> _TRY IT_
Your reply must contain the lines from the one with "Entrance. Entrance door of the accent color" through the last line of the material, exact and complete, with no pictures and no other text.

> _GIVEN MATERIAL_
________________
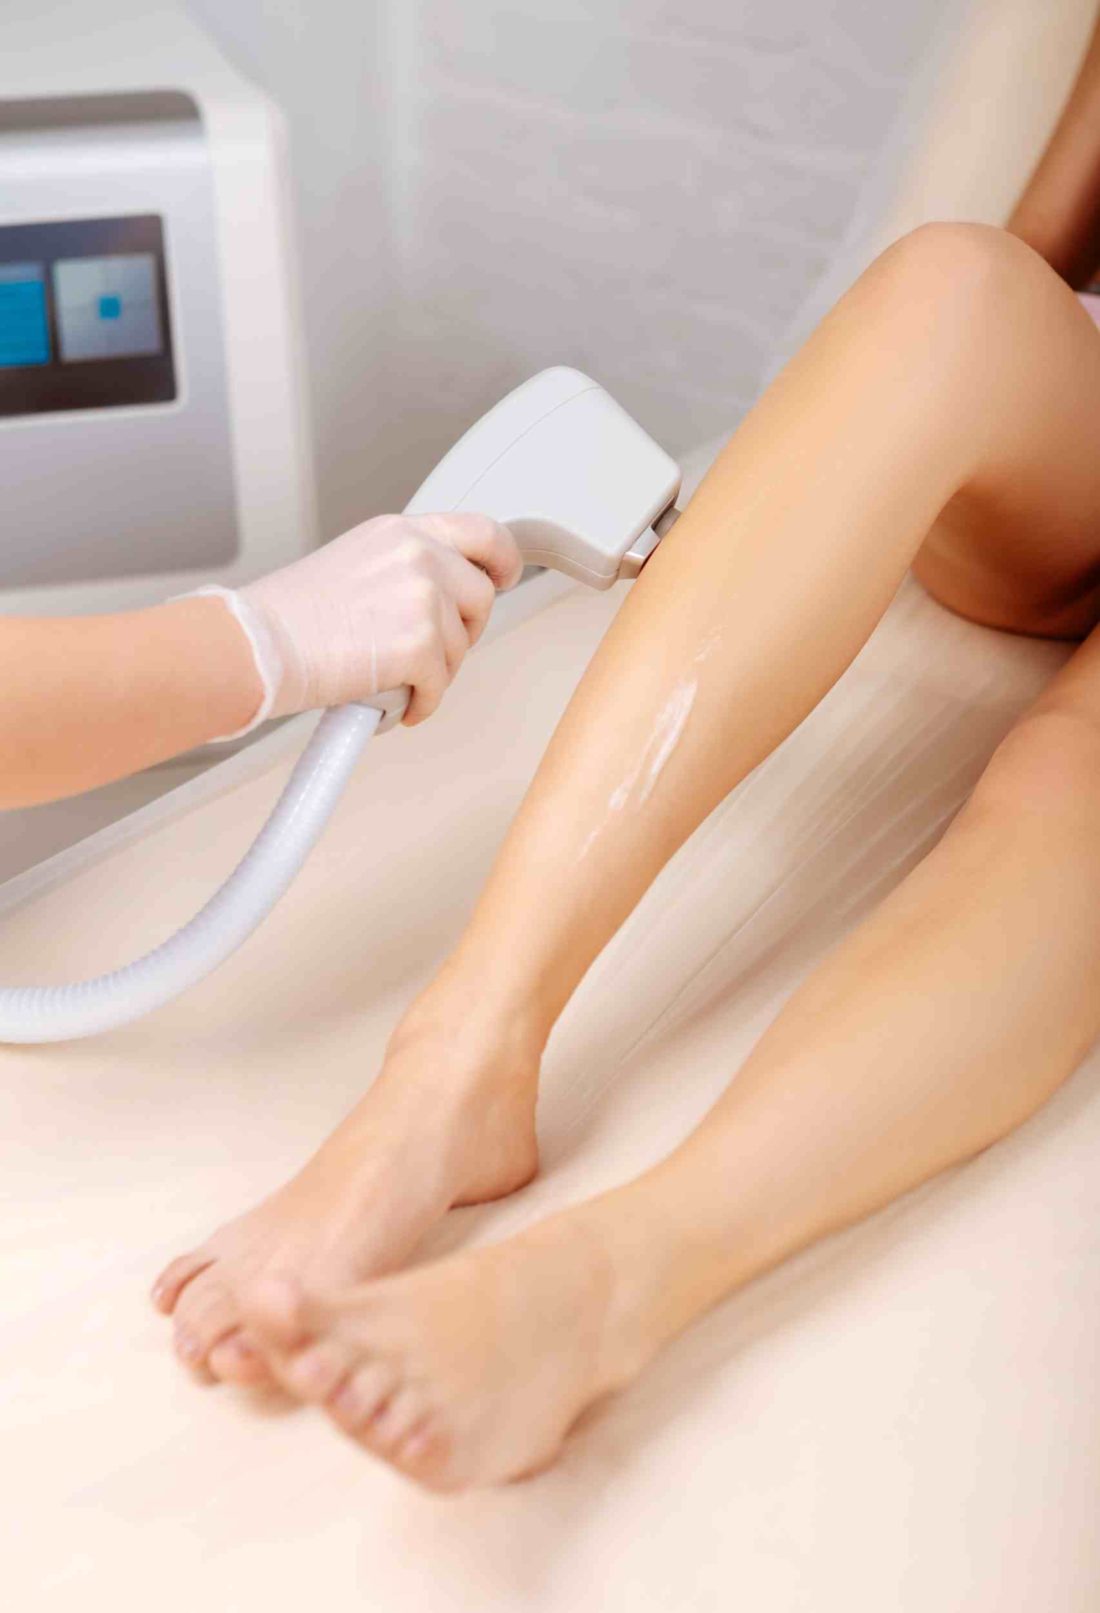 Preparation Guide: Important Facts About Laser Hair Removal
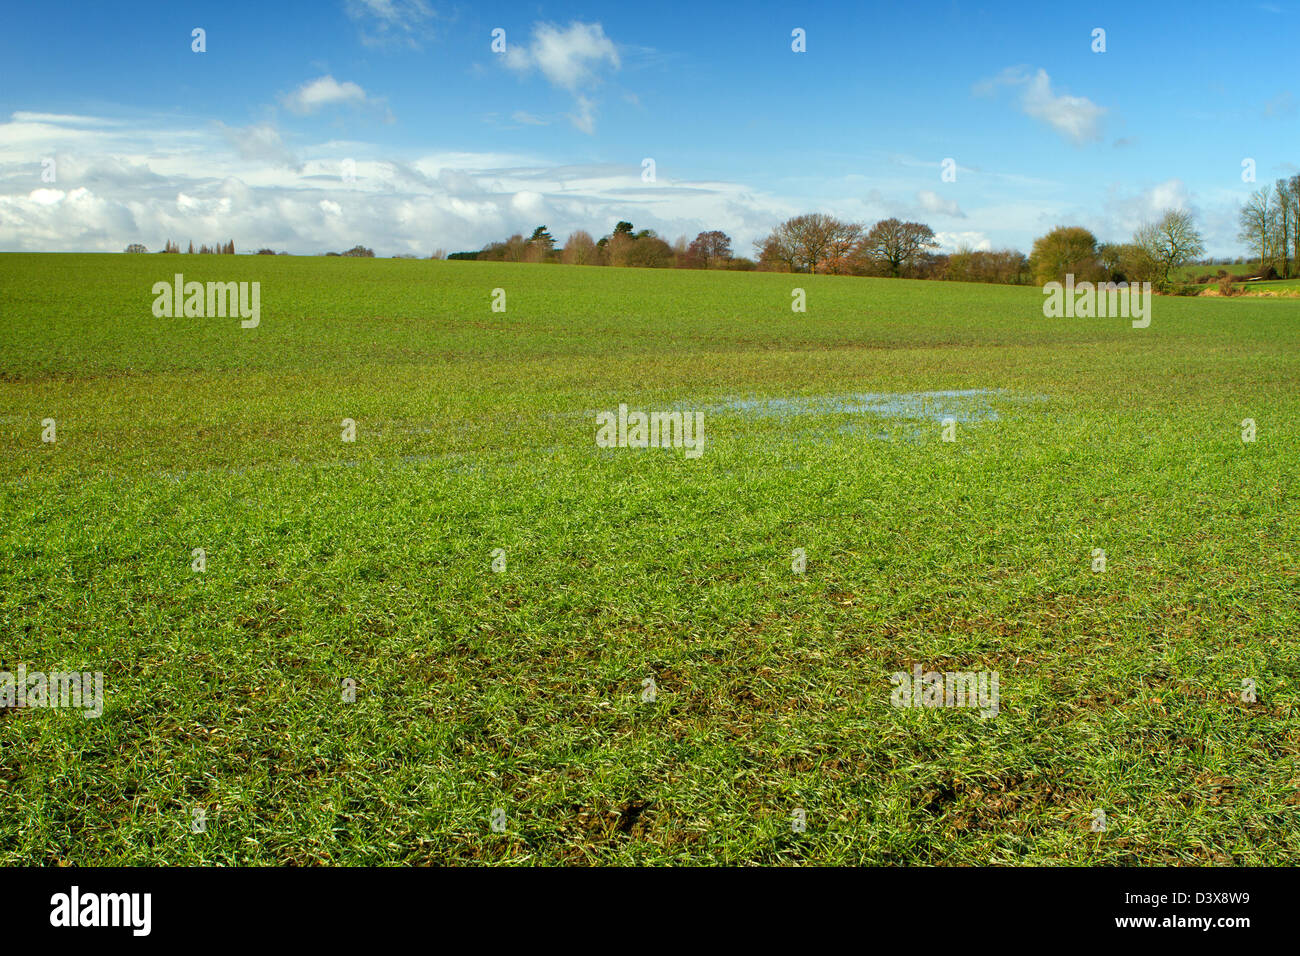 Rayne, Essex, UK. A view of the Beautiful Essex countryside near Braintree on a bright sunny day Stock Photo
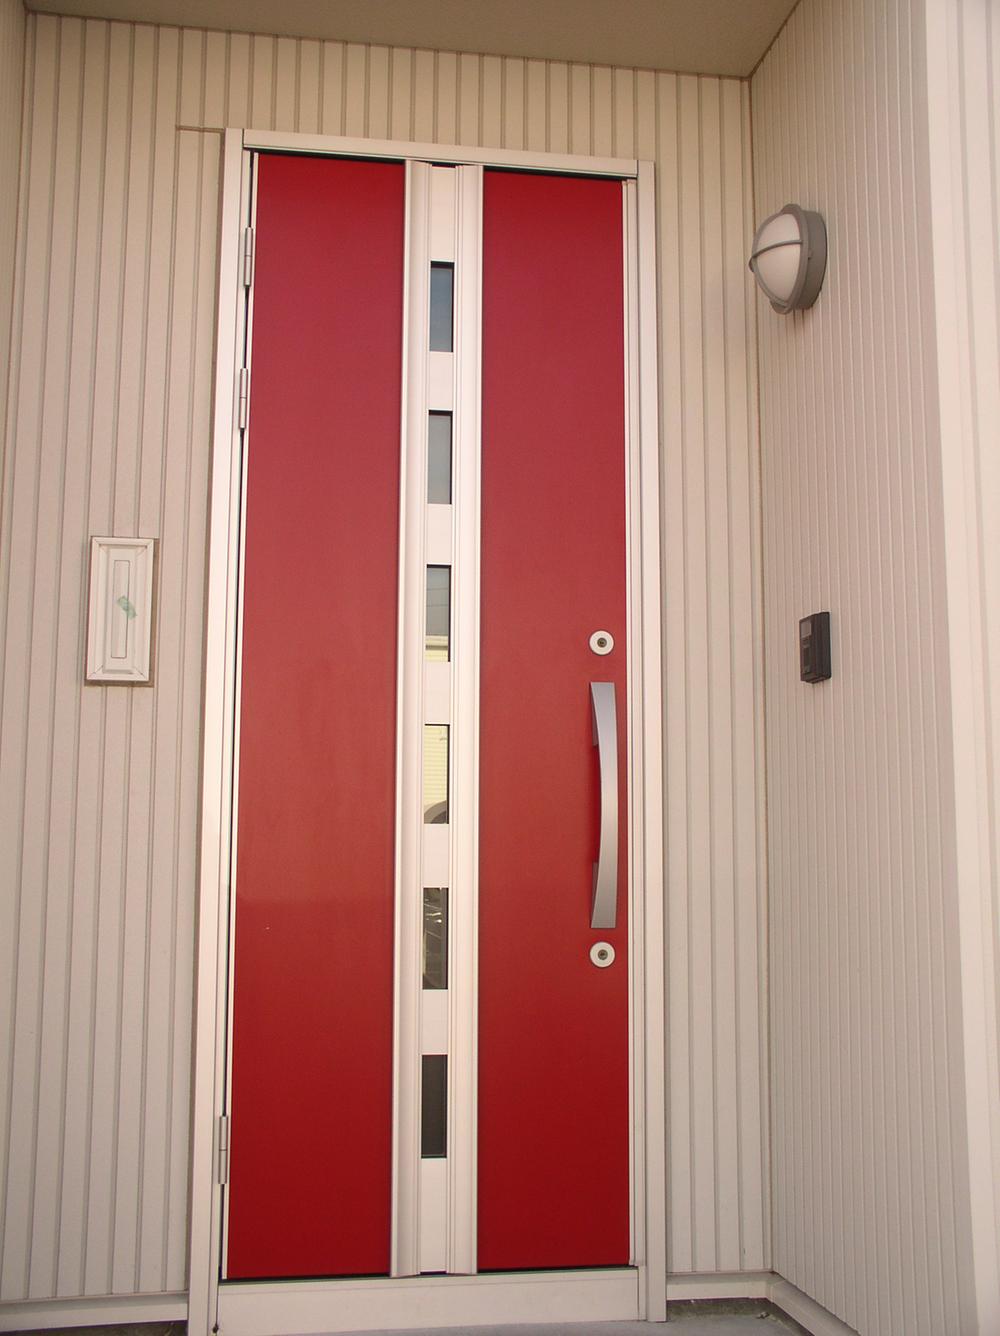 Entrance. Entrance door of the accent color
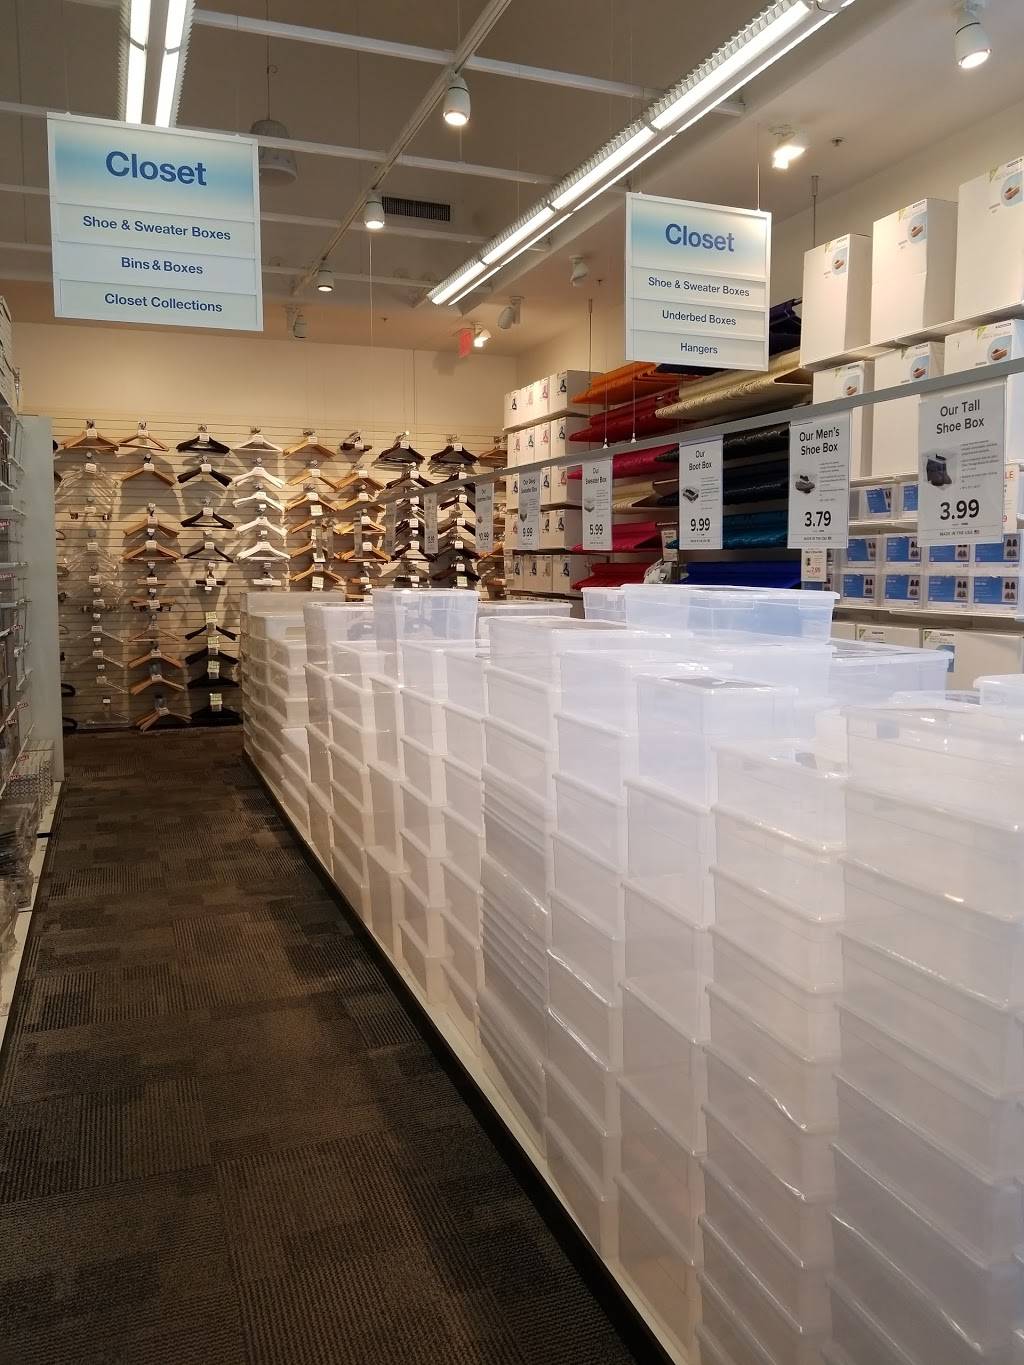 The Container Store | 18550 N Scottsdale Rd, Phoenix, AZ 85054 | Phone: (480) 563-7611
________________
> _WRITTEN REPLY_
 Entrance. Entrance door of the accent color
 The Container Store | 18550 N Scottsdale Rd, Phoenix, AZ 85054 | Phone: (480) 563-7611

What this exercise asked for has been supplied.